Which reminds me, I have been meaning to ask what this pillar is doing here a few kms up the road from La Carolina, I noticed it last summer and forgot to ask.. It doesn't appear to be high enough to be part of a bridge over the motorway


----------



## ajch

Its a monument


----------



## ChrisZwolle

The media report that Gipuzkoa province is planning to introduce electronic tolls on A-636 (formerly: GI-632), the _Autovía de Deskarga_, in 2022. 

There are already electronic tolls on N-I and A-15 in Gipuzkoa province, but those are only for trucks.

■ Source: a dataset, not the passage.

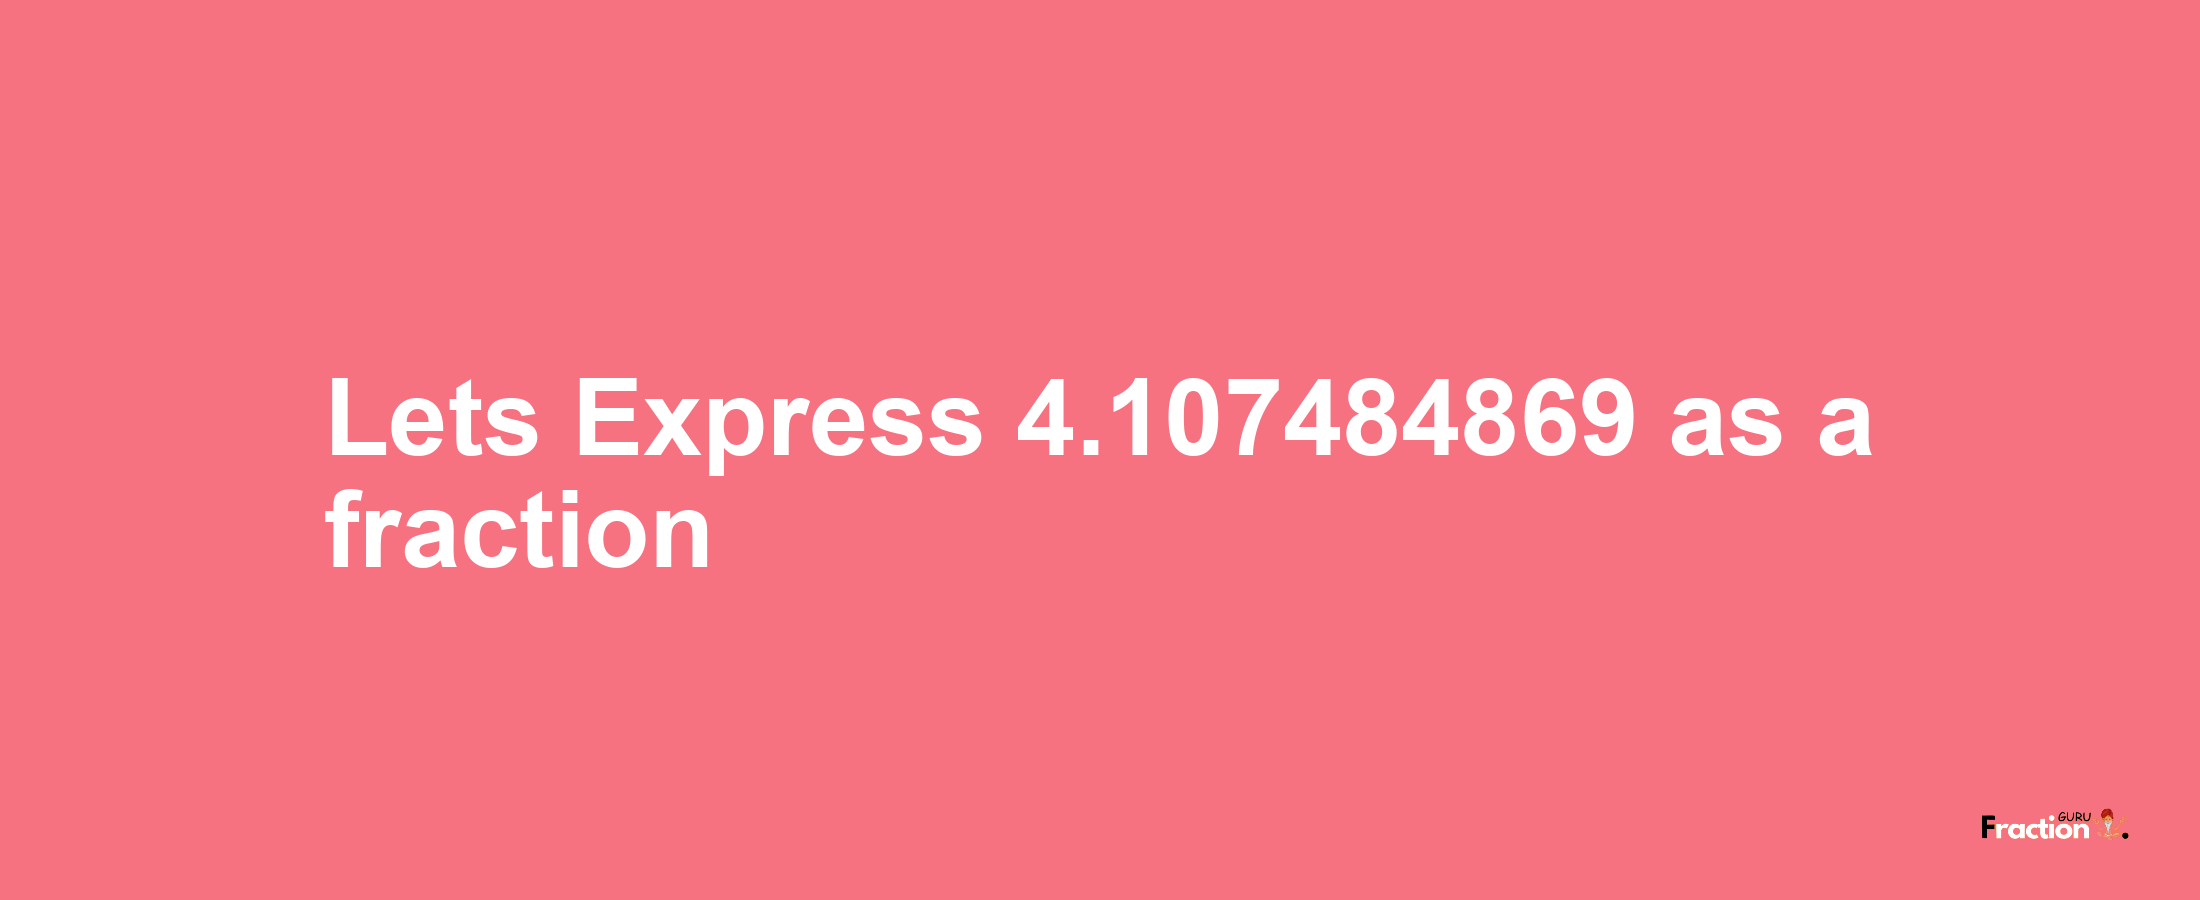 Lets Express 4.107484869 as afraction

The tolls on A-636 will apply to passenger cars as well. 

Three toll gantries are planned:

* Beasain: € 0.38
* Ezkio: € 0.74
* Deskarga: € 1.41

Article: https://www.naiz.eus/en/actualidad/...vehiculos-en-la-a-636-entre-beasain-y-bergara


----------



## adevahi

ajch said:


> Its a monument


:lol::lol::lol:

Modern art increases its shocking effects every day. That reminds me that few days ago it happened exactly the opposite to me: I thought that there was a monument in the center of this roundabout but in fact it was a pillar for a future pedestrian bridge.


----------



## verreme

Stuu said:


> Which reminds me, I have been meaning to ask what this pillar is doing here a few kms up the road from La Carolina, I noticed it last summer and forgot to ask.. It doesn't appear to be high enough to be part of a bridge over the motorway





ajch said:


> Its a monument


It's actually a pillar of a former A-4 bridge that was kept as a memorial after the old alignment was decommissioned.

I believe there's a similar relic on the Monrepós pass along N-330, or perhaps was on N-III... I don't have the time to find it right now on Google Maps.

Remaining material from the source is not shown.